It’s a fair assumption that beneath her, just out of sight from here, there are fat, screeching, sharp-toothed, blubber-faced worms being belched out into the container, through the wriggling rubber pipe, one by one.
Floodlit on either side, a high spike-topped steel fence lines the street, whose height is thus greater than its width. At the end of this sinister corridor, floating in the water beyond a guarded gate, is a bleak edifice with small square windows—a huge prison barge. On top of it, another floodlit fence with spikes contains a court where men are playing basketball. Others lean against the fence, staring down towards him. Male shouts burst and spill—perhaps at him, wedged here in full view, or maybe not, he cannot tell. He feels more than hears the slide and clang of metal bolts, the dead weight of concrete bruising blindly into bone […] his own gaze narrows to a skewer and he shivers at this glimpse of a world where he would not survive.
I’m deeply relieved to find him still wedged behind the cab of the tanker; though my relief is perhaps greater than his, because the tanker is now barrelling along at what feels to him like an unholy speed, north-east up Bruckner Avenue. Back among cars and activity and street lights now, he is also starting to feel rather too visible. This feeling grows alarmingly when the tanker slows to join the Bronx River Parkway, a car draws up alongside him and he glimpses a horrid vision, down beside him: a large family crammed into a tiny space, with leaping dogs, bawling children and loud inane voices on a radio. “Nightmare,” he thinks. “I’d sooner choose that prison barge.” Even more distressingly, two horrible gum-chewing children in the back seat have seen him and are now fighting over how to wind the window down. They hit each other, then are hit in turn by a parent… Scorpio drums his silver fingernails tightly on a metal strut and listens with impatience for the sound of vehicles moving up ahead. If the vermin succeed in winding the window down and start shouting up at him, then Kev will notice and probably investigate matters and discover him. He glances down, observes that the fight is still in progress, and catches for an instant the grinning semi-focused gaze of one child: passionless, compassionless, thoughtless and sealed-off, without imagination or real curiosity, and safely protected from the danger of wonder, it makes him laugh mirthlessly aloud.
Still he drums his fingernails, and still the traffic isn’t moving—yes it is, at last! One more glance down, and this time he catches just his own form reflected on the window, behind which the dreary family squabble carries on: clutching at his metal niche, his long black hair spilling out along his bare arms and round his fully made-up face (now a little smudged), he reminds himself of a manic dark monkey staring hatred out of wide-burning, silver-shadowed eyes. He laughs aloud a second time, and watches his reflected hand dip into his shoulder-bag and reach out a catapult. As the tanker revs its engine in readiness to move, he aims the weapon at the child, pulls back the elastic and shoots the little stone. For a split second Scorpio sees his own reflected face snarling up with a feral sensuality and glee, before it cracks at the window’s burst and falls into the screaming child’s blood-spattered lap, along with a lapful of broken glass.

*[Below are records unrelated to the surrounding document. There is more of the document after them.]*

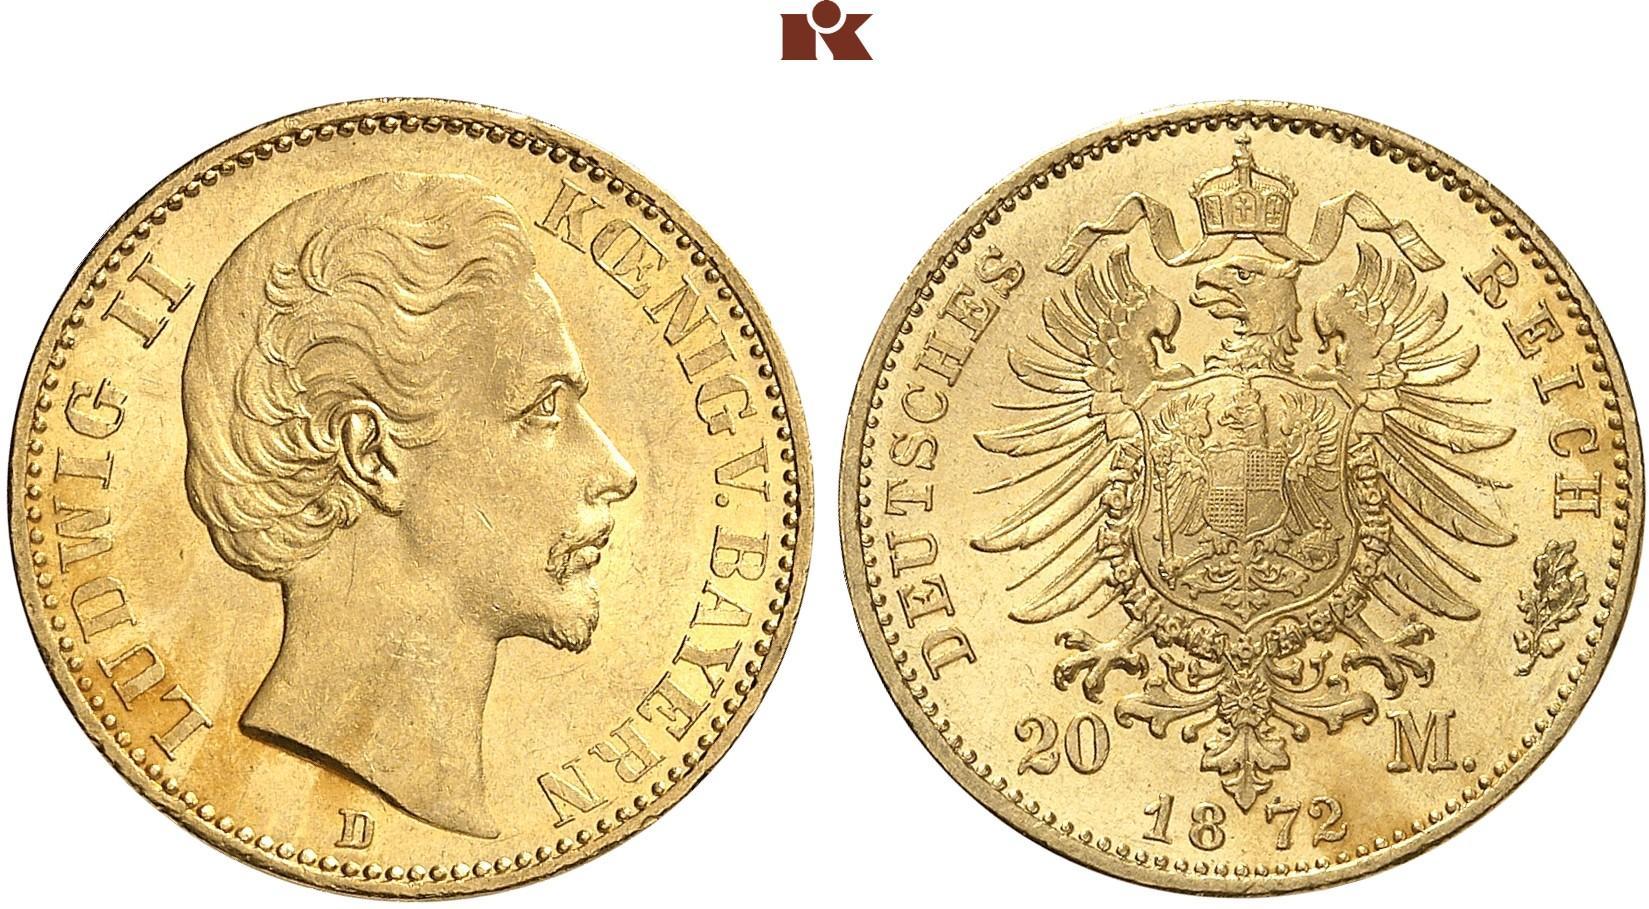 DE 20 Mark 1872 D
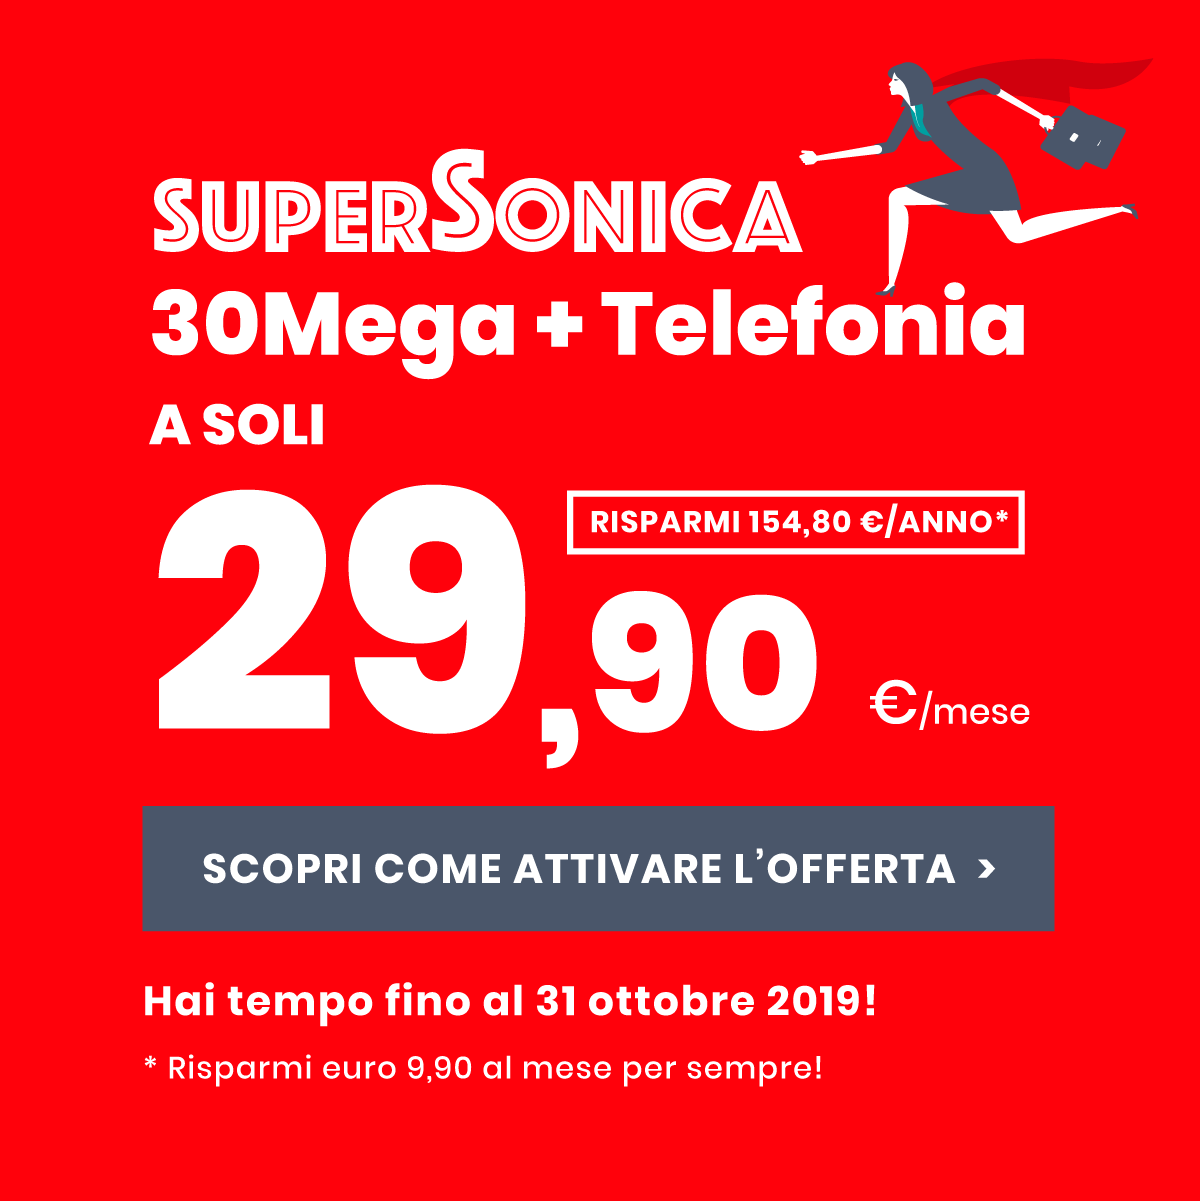 supersonica sonicatel
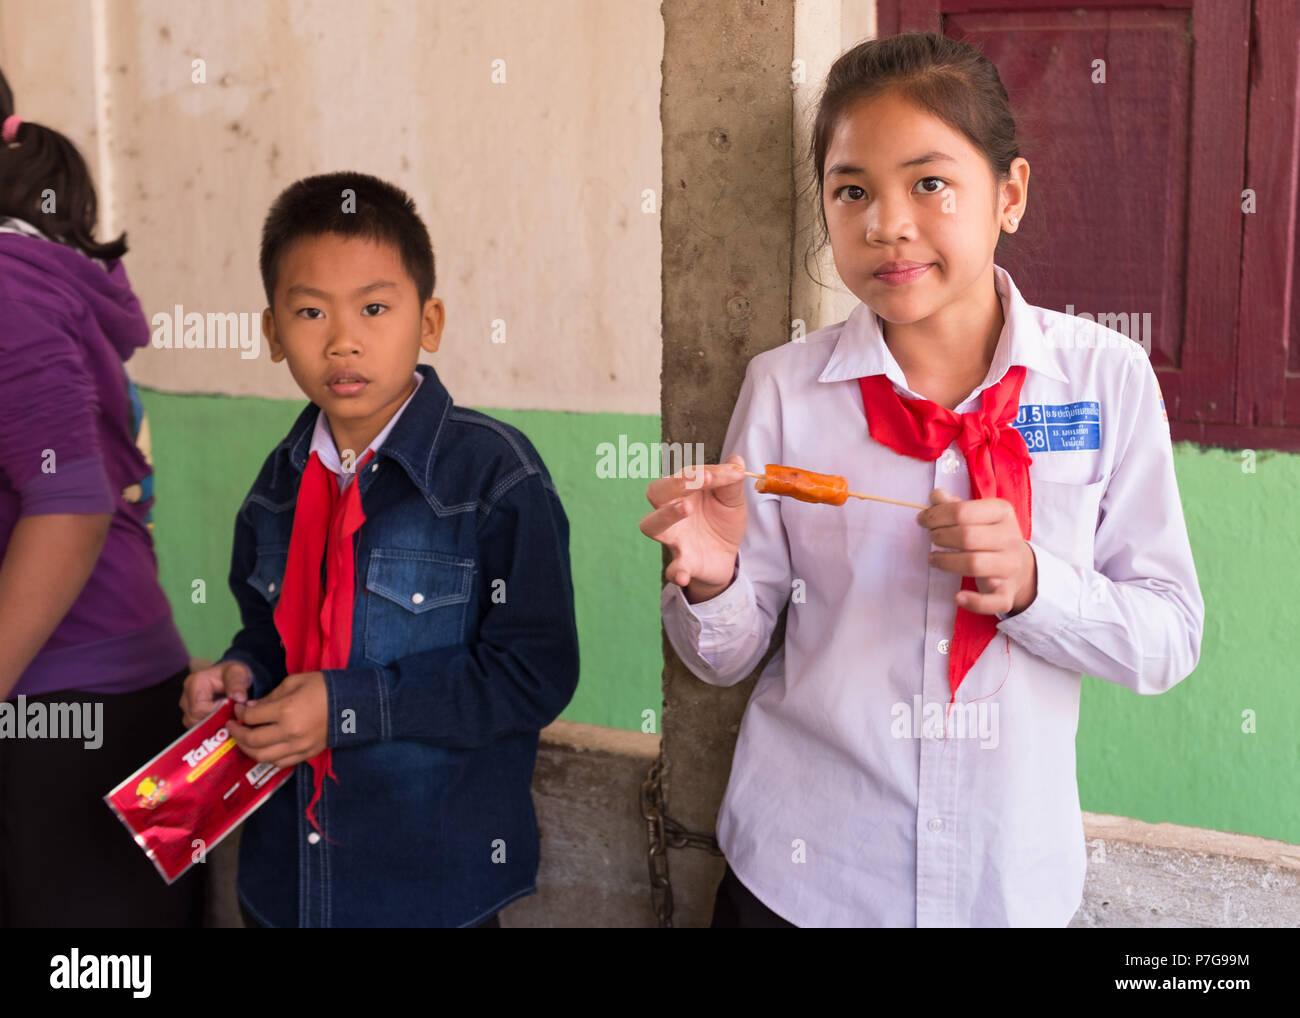 Portrait of schoolchildren eating during lunch break at school, Vientiane, Laos, Asia. - Stock Image
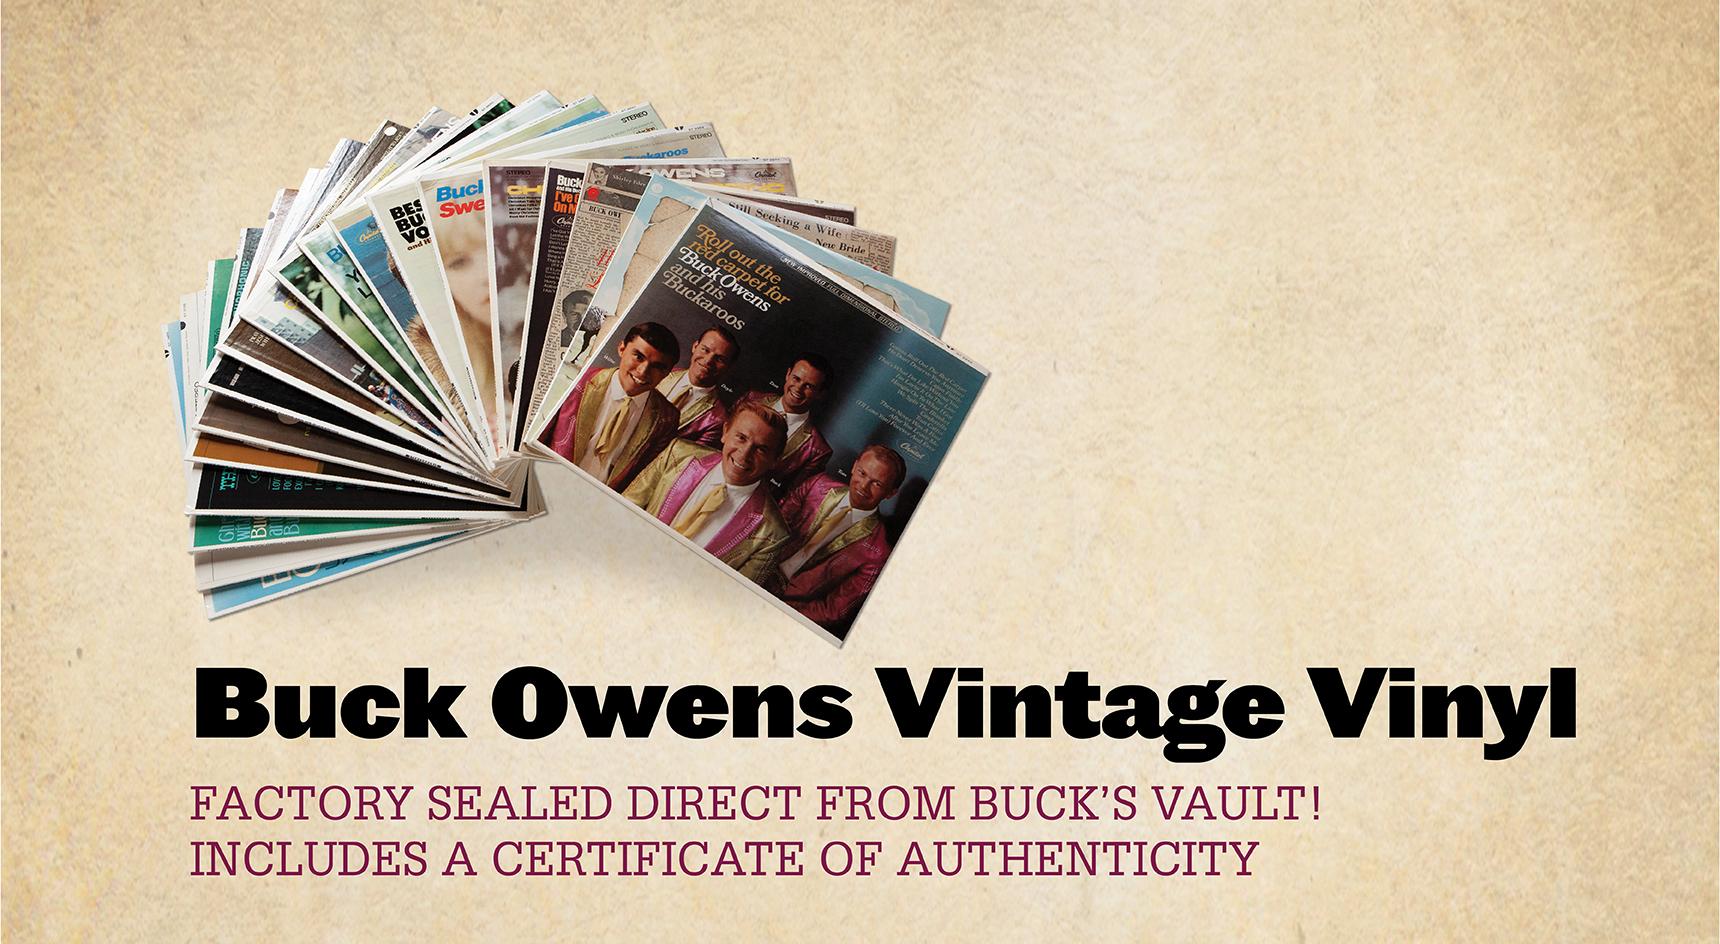 Buck Owens Vintage Vinyl Home Page News

Firing up its engine, with a roar that drowns the scream and the blaring of the car’s horn, the tanker presses grimly up the ramp to the Parkway. Its slimy cargo sucks hard, swilling at the warm black metal just beside his ears; and close behind his smooth and delicate neck, those screeching teeth…
Now the preacher steps on the gas with a vengeance. Two metres down through the truck’s articulation, Scorpio can see the roadway streaking by at sixty, seventy, eighty miles an hour. On his left, beyond the barrier, white lights zing by at twice these speeds, while the red lights on his right fall slowly behind. As the warm air buffets his ears and lashes his hair about, the tanker hurtles on, over and under the streets and expressways of Bruckner and West Farms, streaking through the Gardens and past the Woodlawn Cemetery. It exits the Parkway and the Bronx at last, slows down, turns off Hillview Avenue and heads up a track discreetly signed “Hillview Reservoir”.